╭─ DATA EXCERPTS
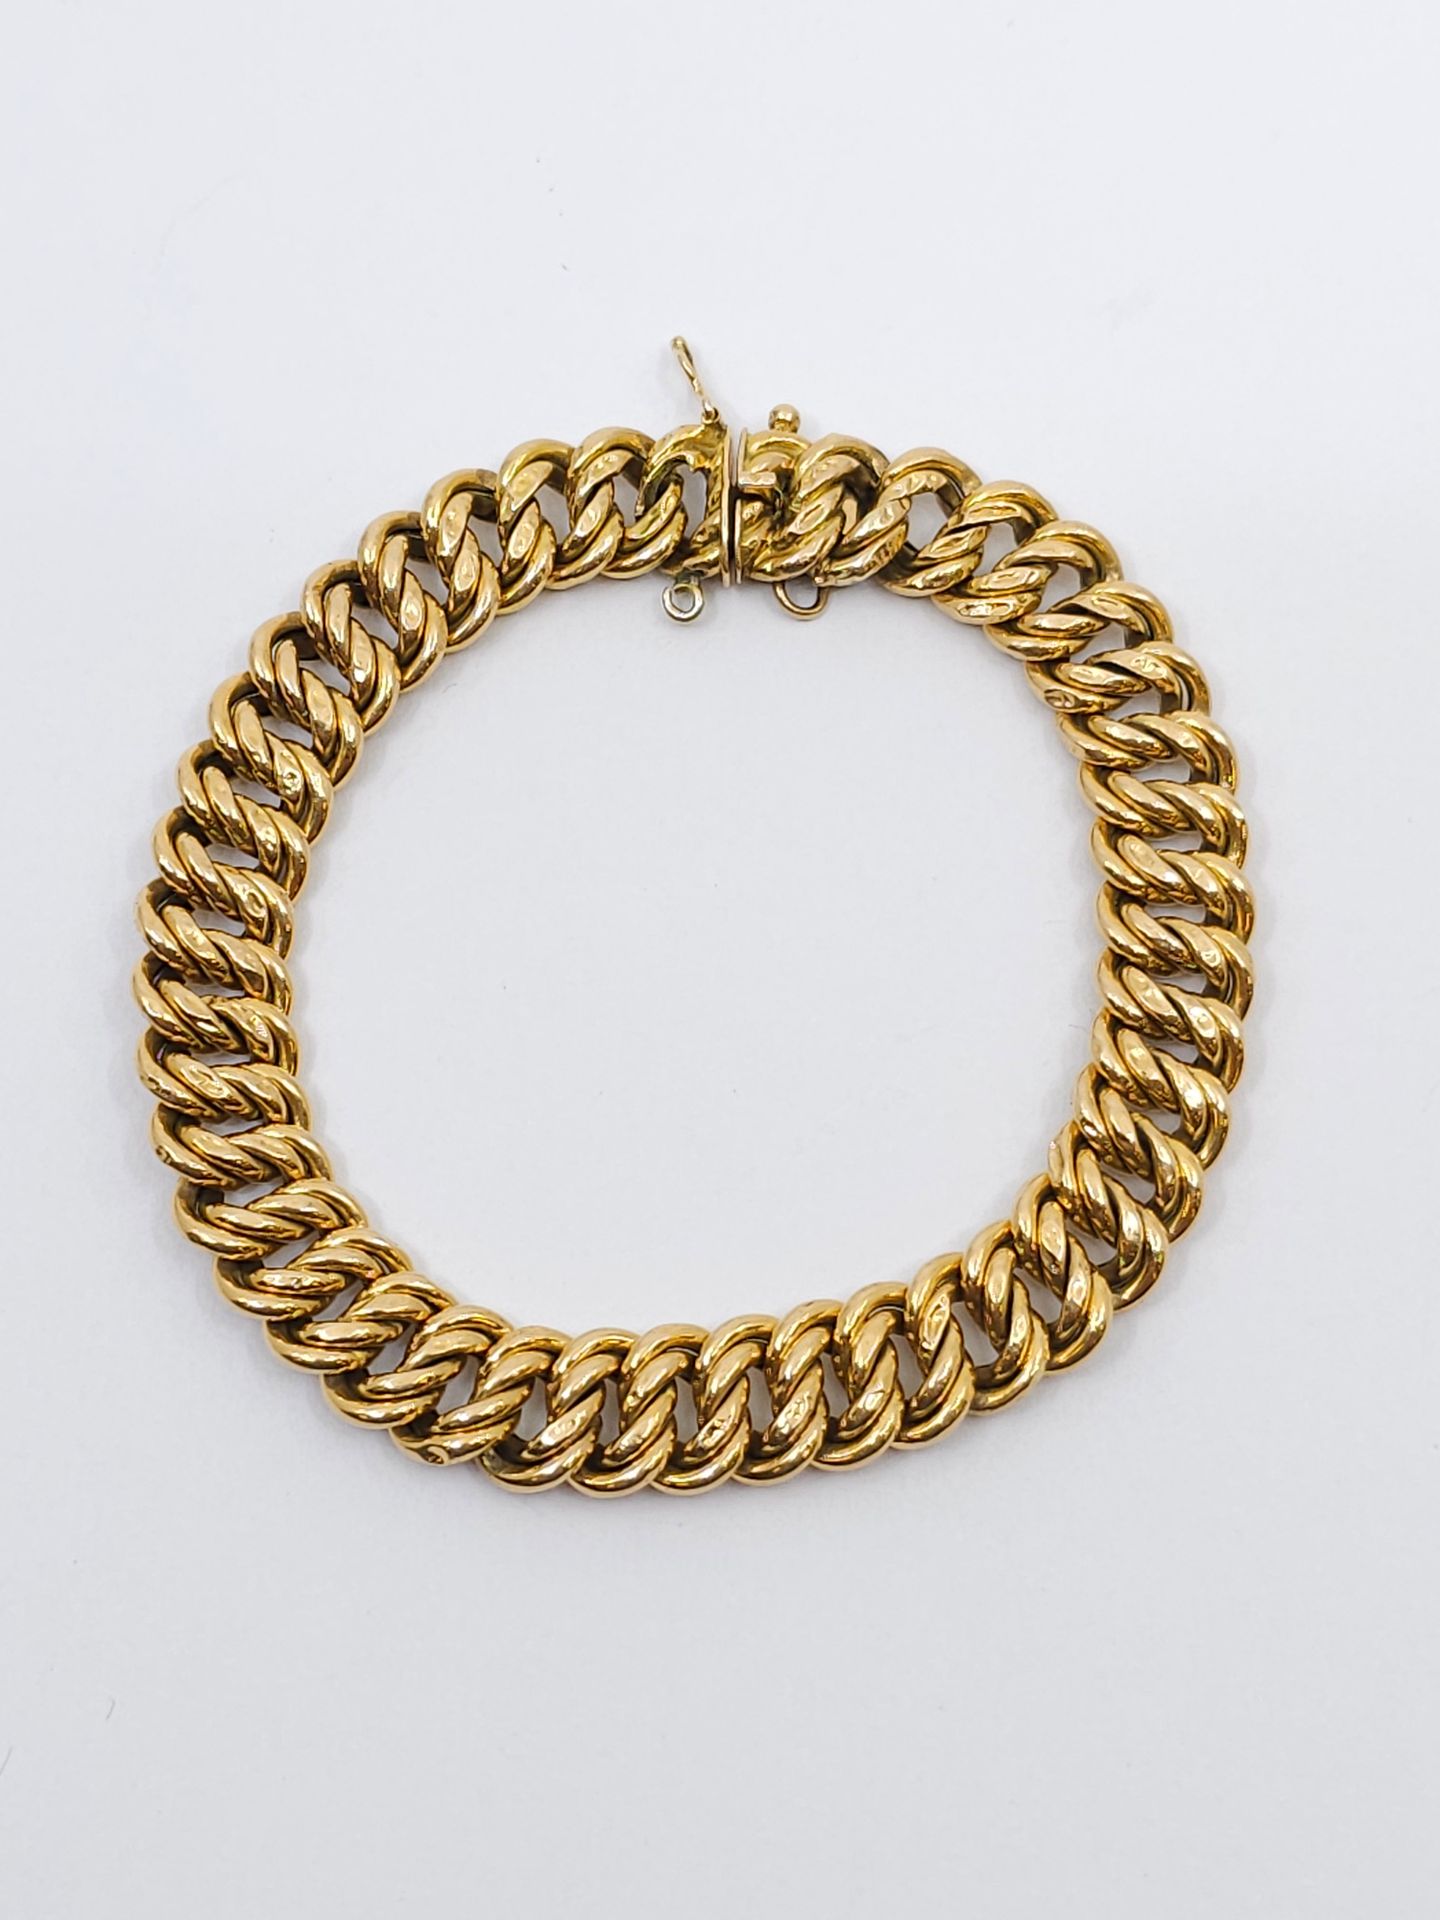 Null BRACELET American mesh in yellow gold 750
weight : 12,37 g
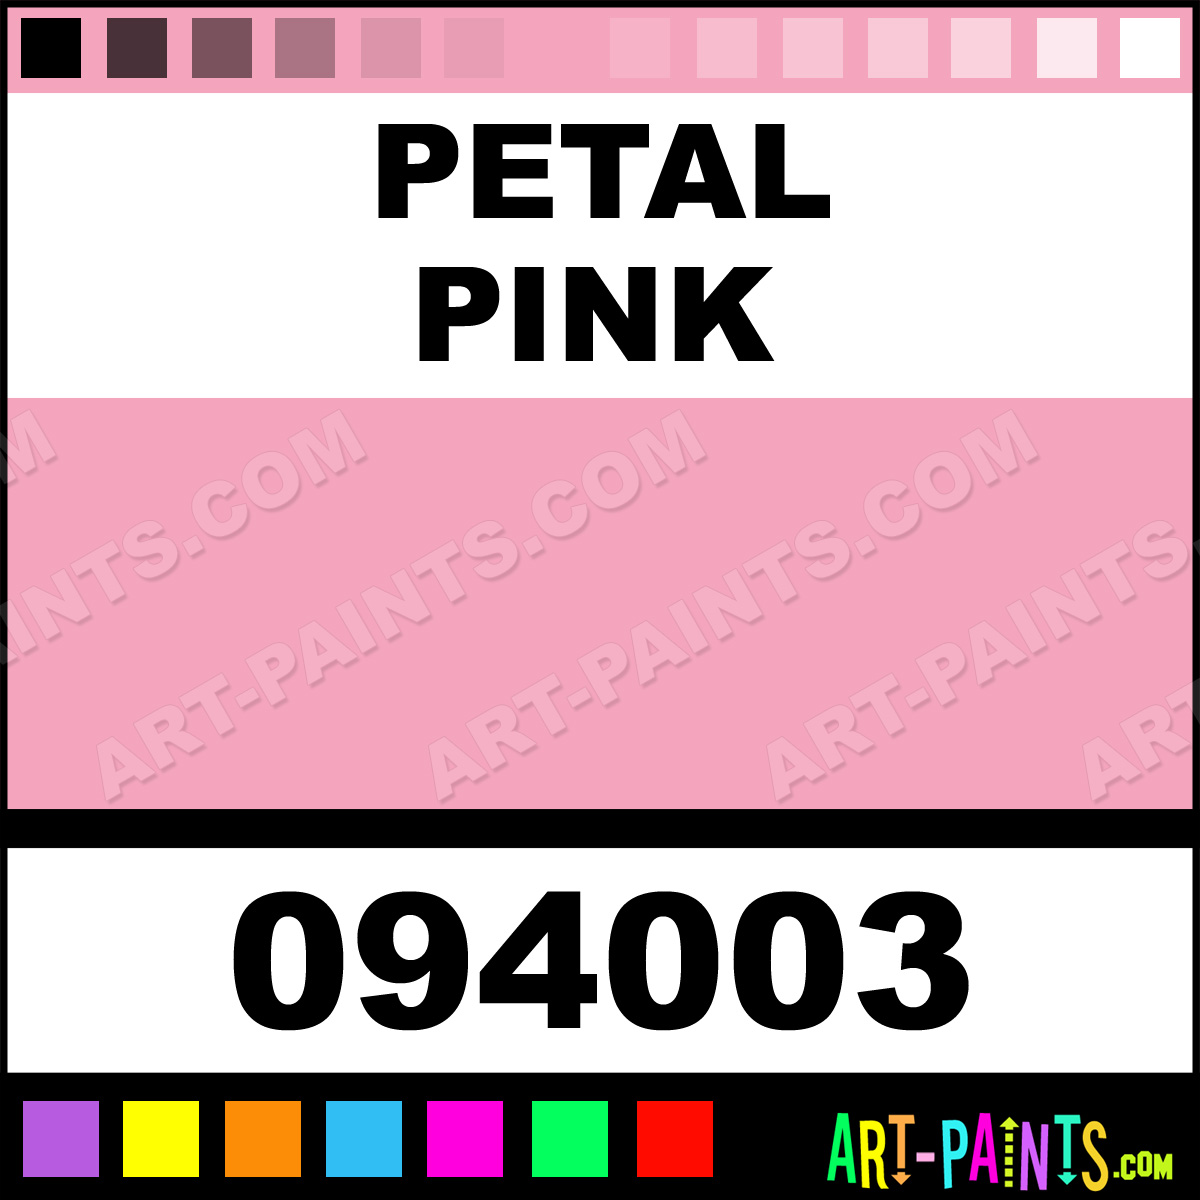 Petal Pink Acrylic Paint, Stenciling Supplies
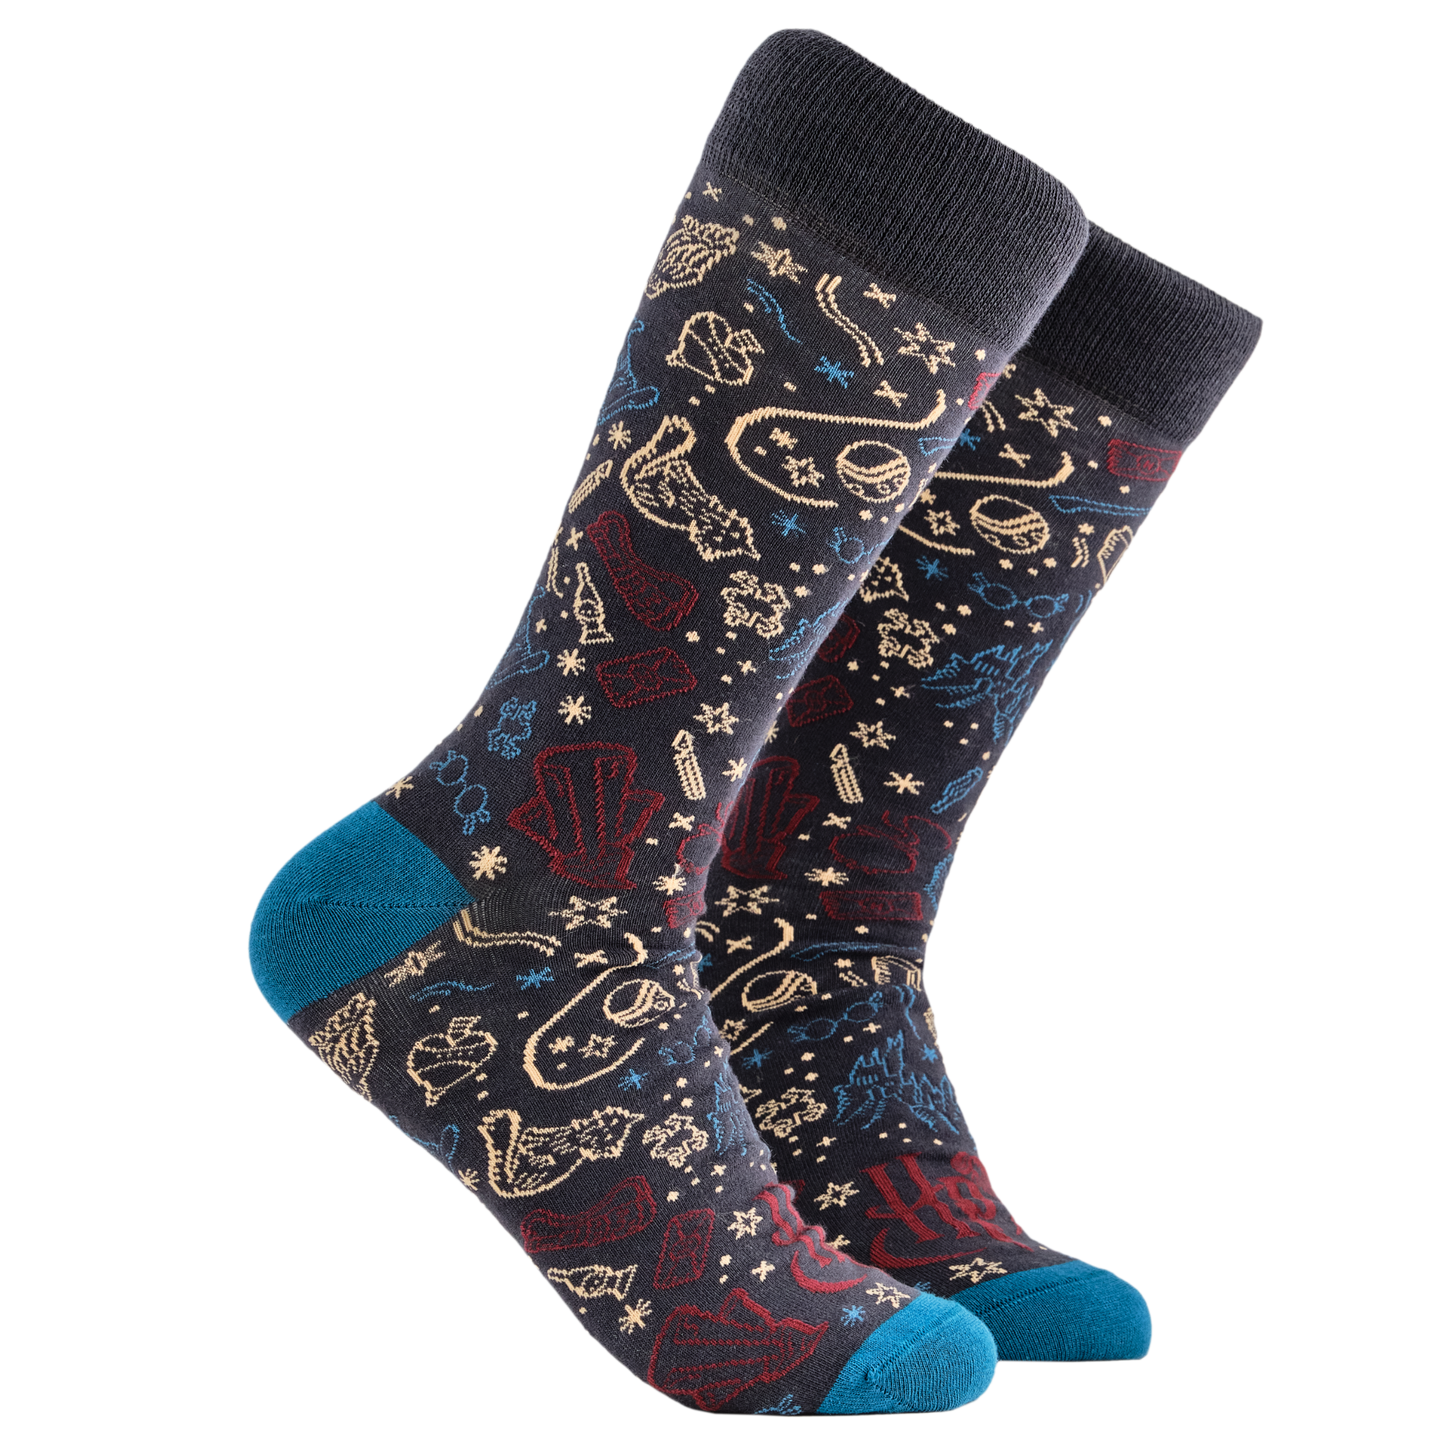 Harry Potter Socks - Wizarding World. A pair of socks depicting lots of magical elements. Grey legs, blue cuff, heel and toe.
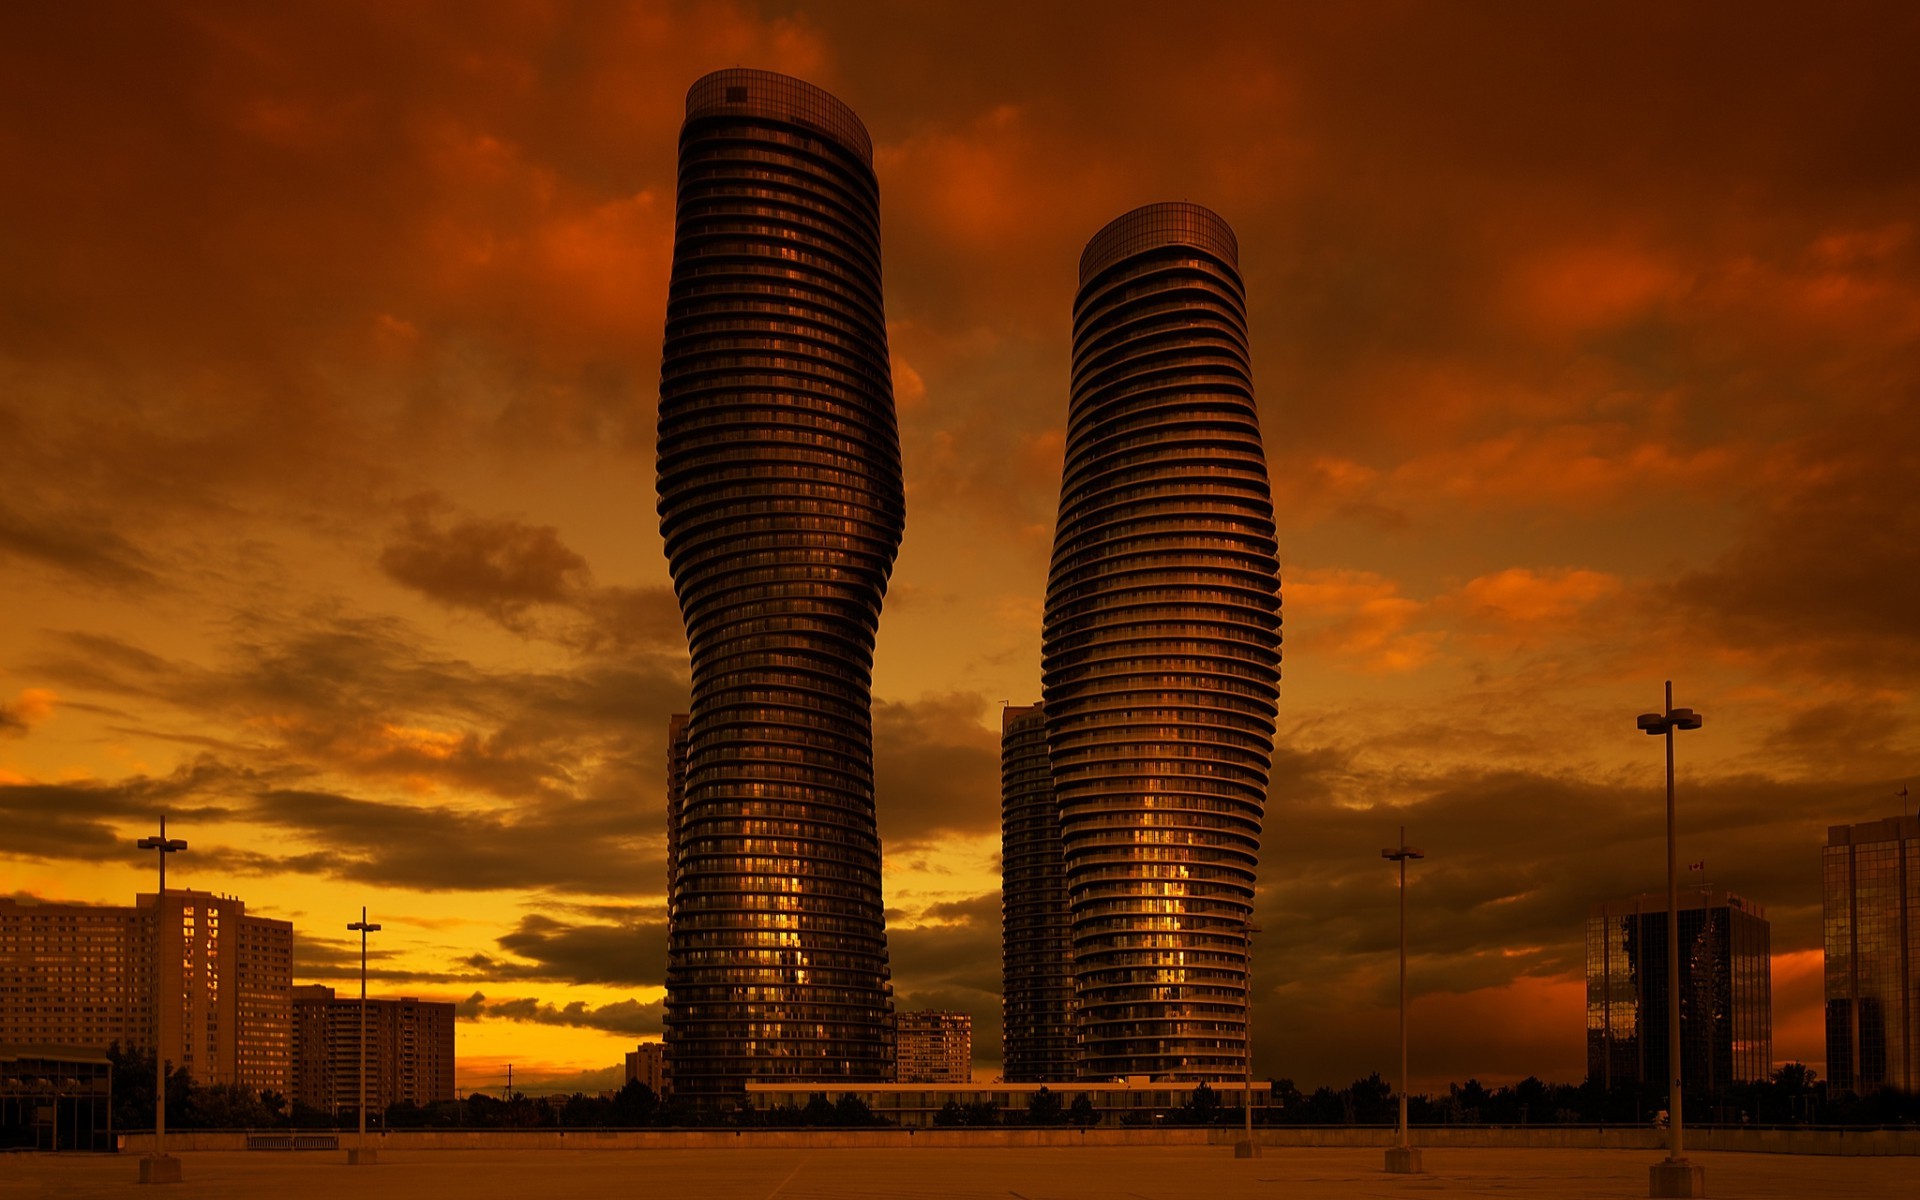 architecture, Cityscape, City, Skyscraper, Clouds, Modern, Ontario, Canada, Evening, Sunset, Building, Town square, Street light, Reflection, Window, Urban, Mississauga Wallpaper
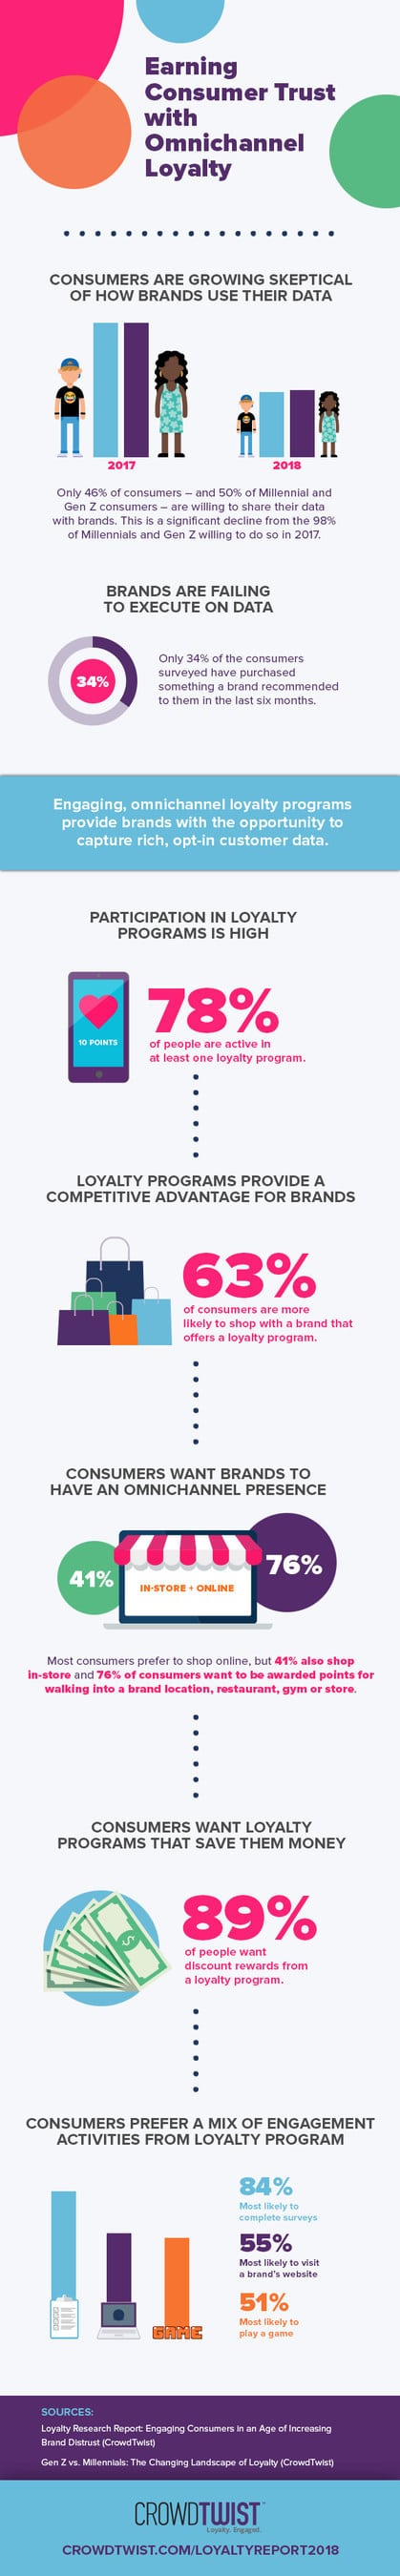 Consumer trust is crumbling, but brands can rebuild loyalty through relevancy
╰─
TO DO – Skip the pictures, then return the rest of the data exactly.

ANSWER BOX –
 Null BRACELET American mesh in yellow gold 750
weight : 12,37 g
 Petal Pink Acrylic Paint, Stenciling Supplies
 Harry Potter Socks - Wizarding World. A pair of socks depicting lots of magical elements. Grey legs, blue cuff, heel and toe.
 architecture, Cityscape, City, Skyscraper, Clouds, Modern, Ontario, Canada, Evening, Sunset, Building, Town square, Street light, Reflection, Window, Urban, Mississauga Wallpaper
 Consumer trust is crumbling, but brands can rebuild loyalty through relevancy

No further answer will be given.